## [SUPPLIED DATA]
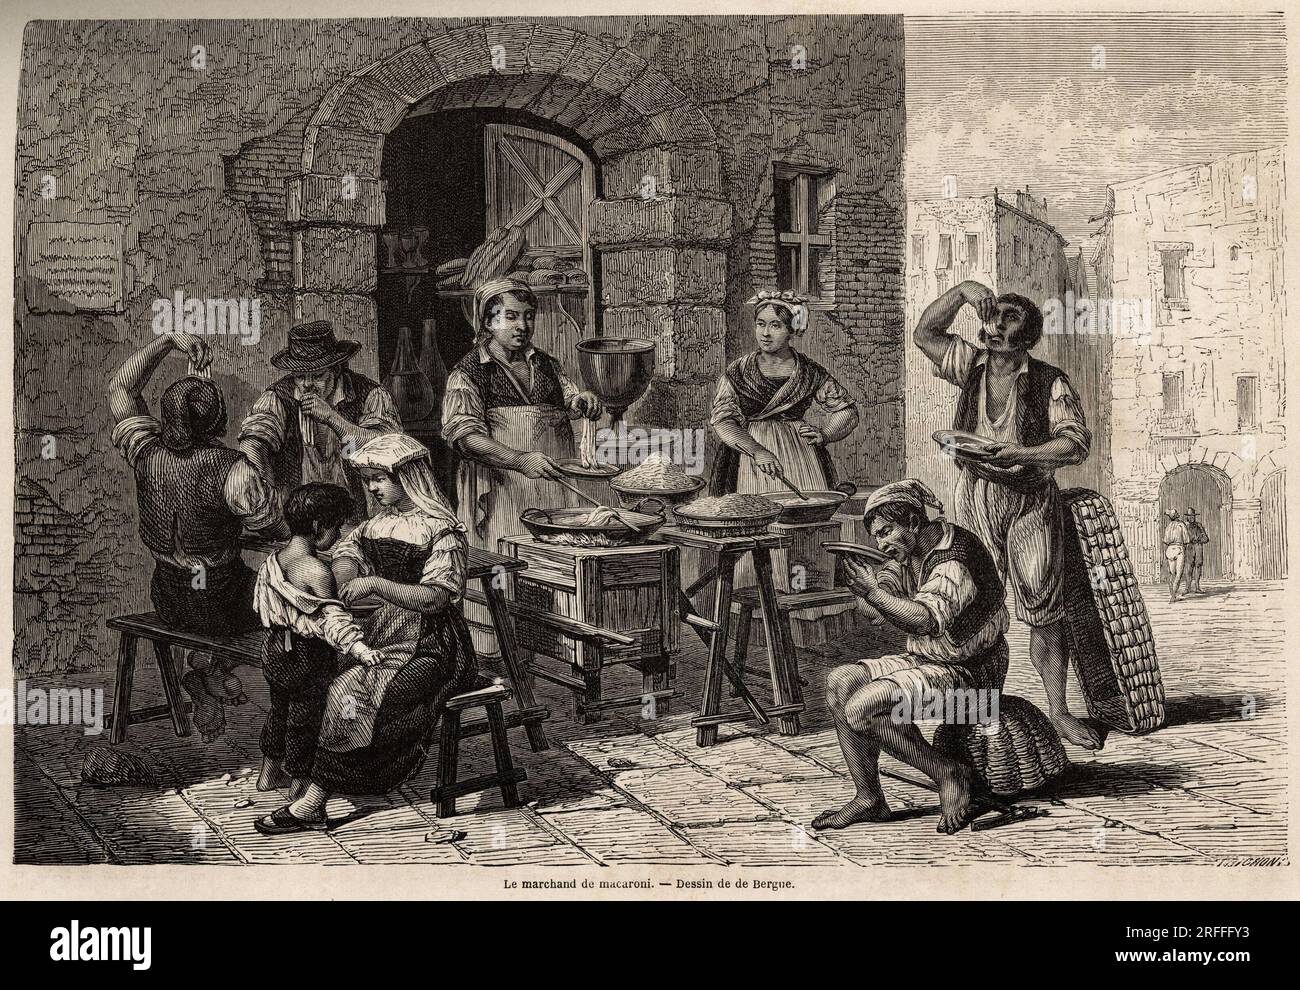 Le marchand de macaroni, dessin de Bergue, pour illustrateur Naples et les napolitains, en 1861, par Marc Monnier (1829-1885). Gravure dans 'le tour du monde' 1861. Banque D'Images
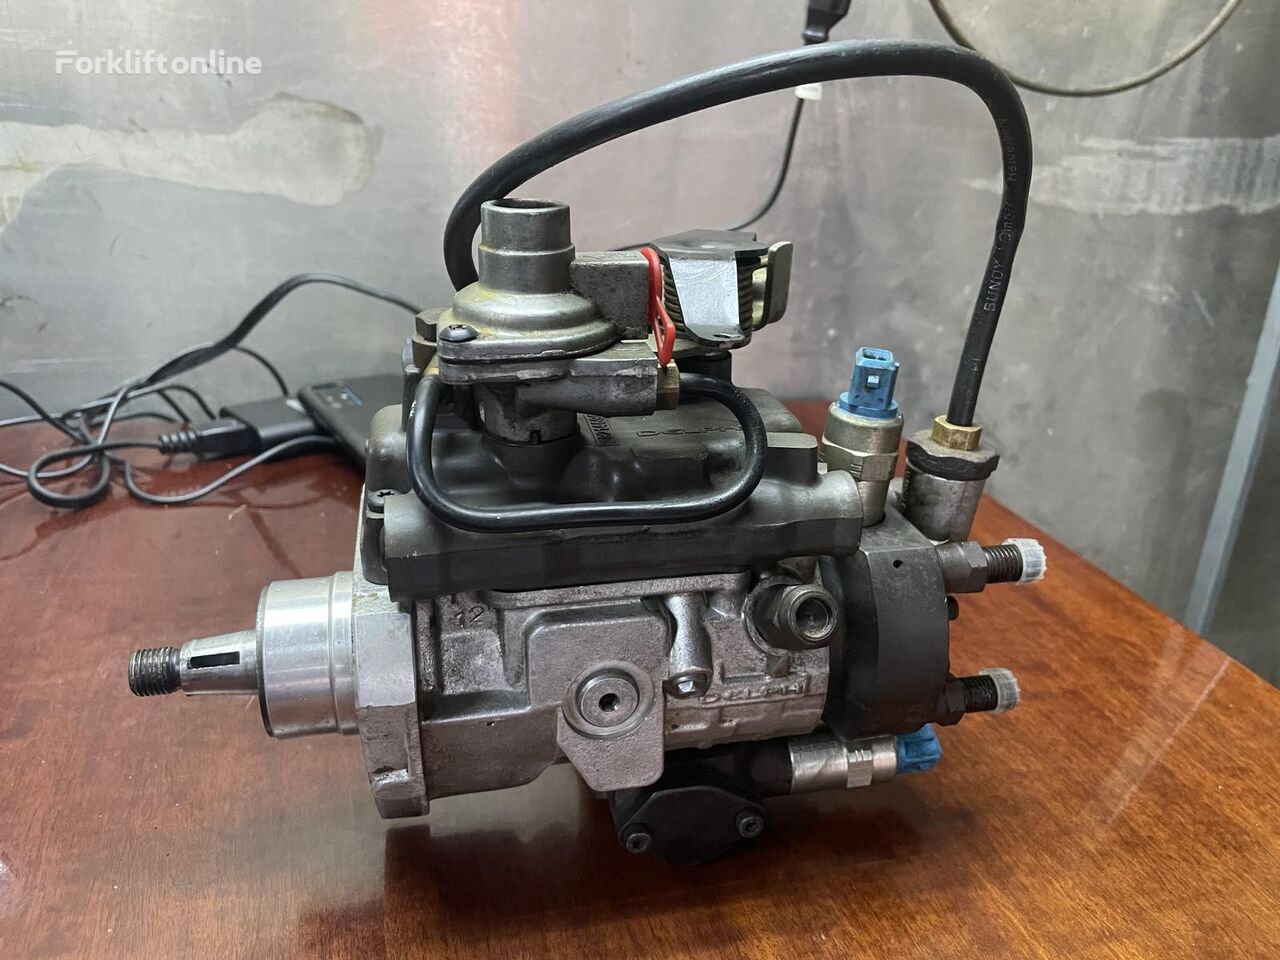 Delphi 320/06869 injection pump for JCB telehandler
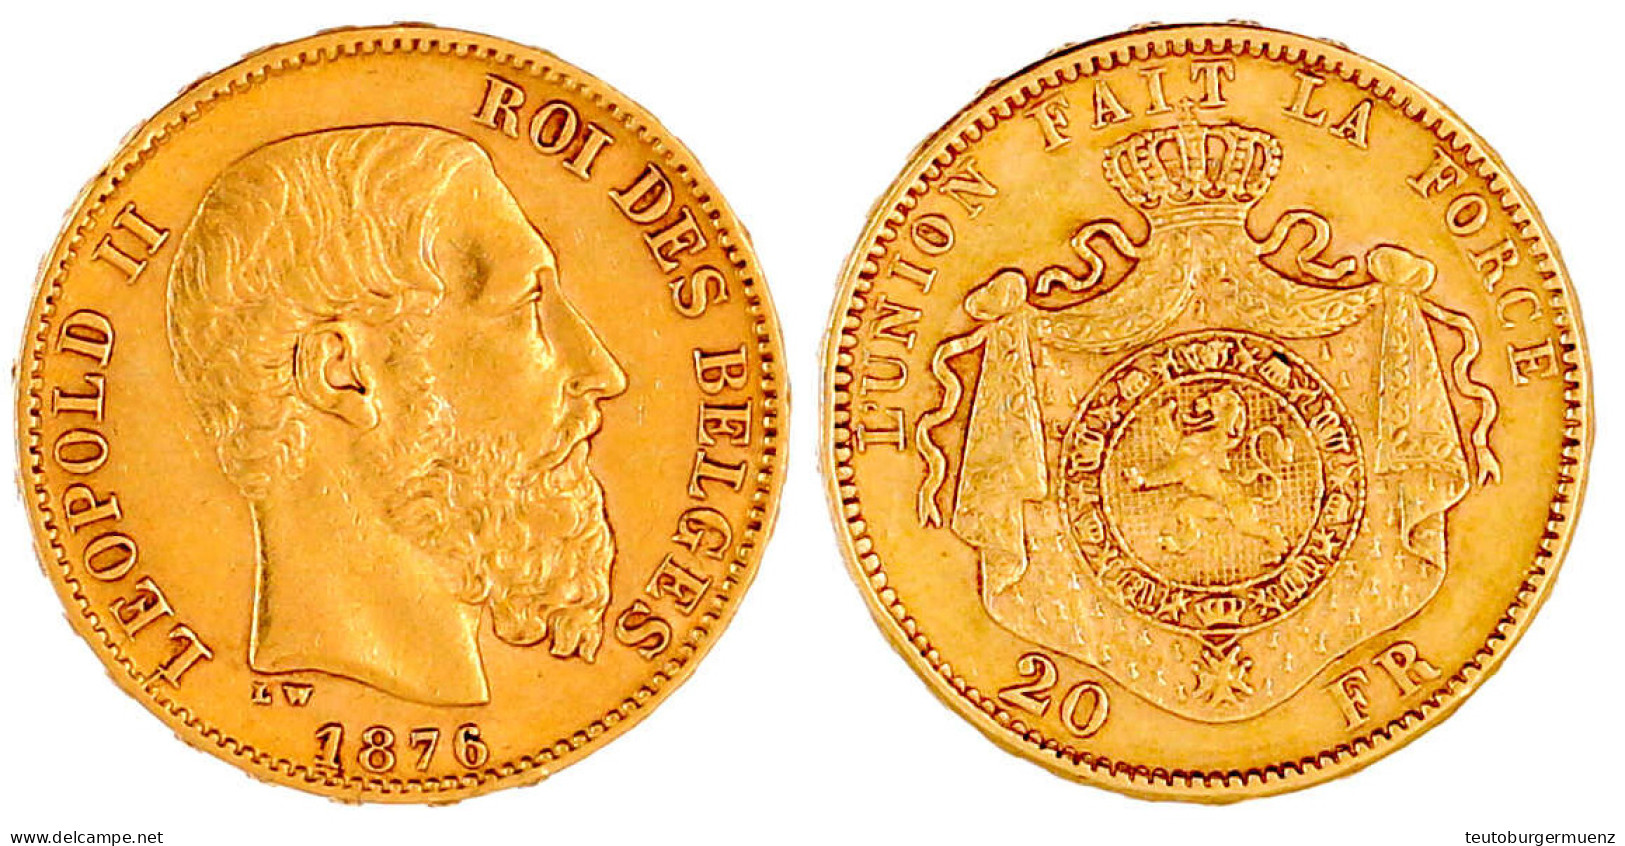 20 Francs 1876. Pos. A. 6,45 G. 900/1000. Vorzüglich. Krause/Mishler 37. - 20 Frank (gold)
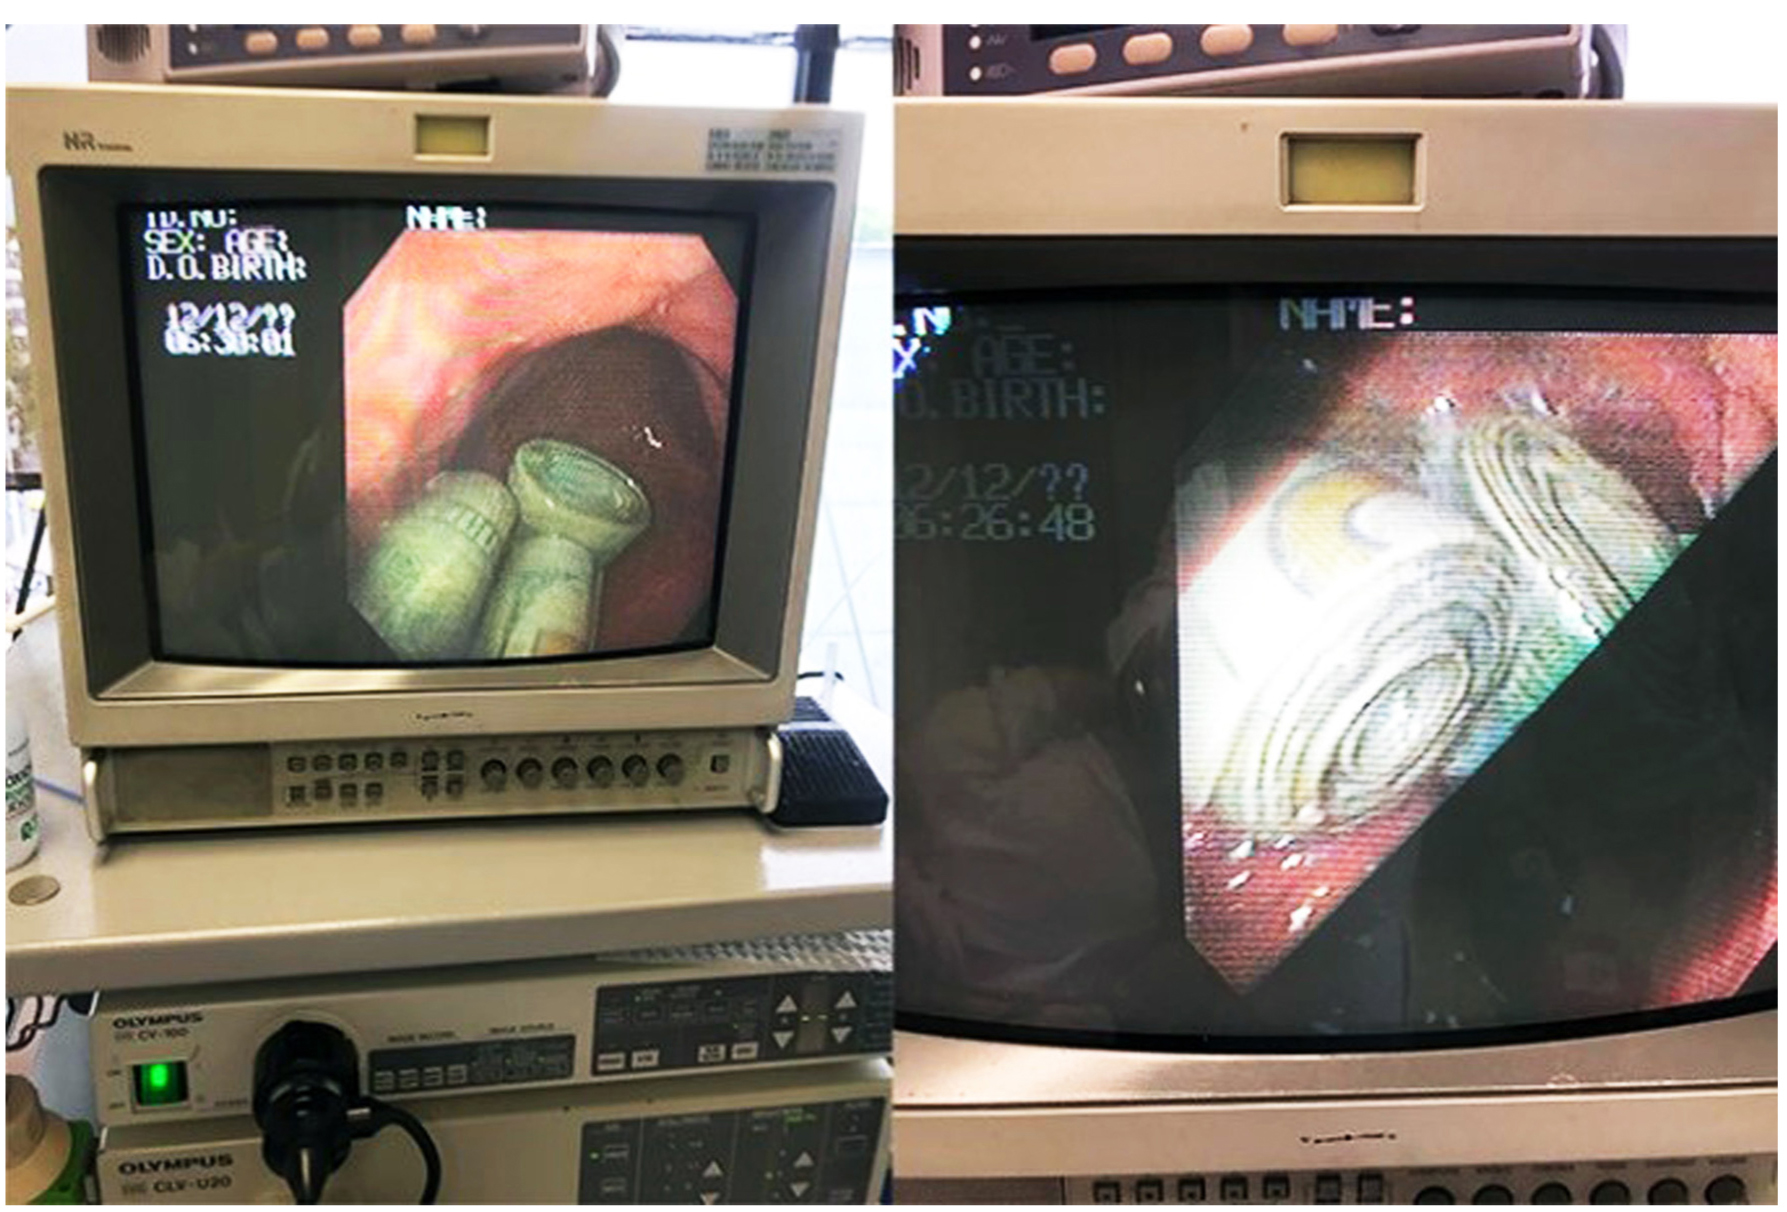 Figura 1. Bezoar de dinero que generó un síndrome pilórico observado en el monitor de laparoscopia

## [INSTRUCTIONS FOR THE TASK]
Print, exactly as written, the lines from the one containing "Delphi 320/06869 injection" to the end of the material, both ends included, and nothing else; no pictures.

## [SOLUTION BELOW]
 Delphi 320/06869 injection pump for JCB telehandler
 20 Francs 1876. Pos. A. 6,45 G. 900/1000. Vorzüglich. Krause/Mishler 37. - 20 Frank (gold)
 Figura 1. Bezoar de dinero que generó un síndrome pilórico observado en el monitor de laparoscopia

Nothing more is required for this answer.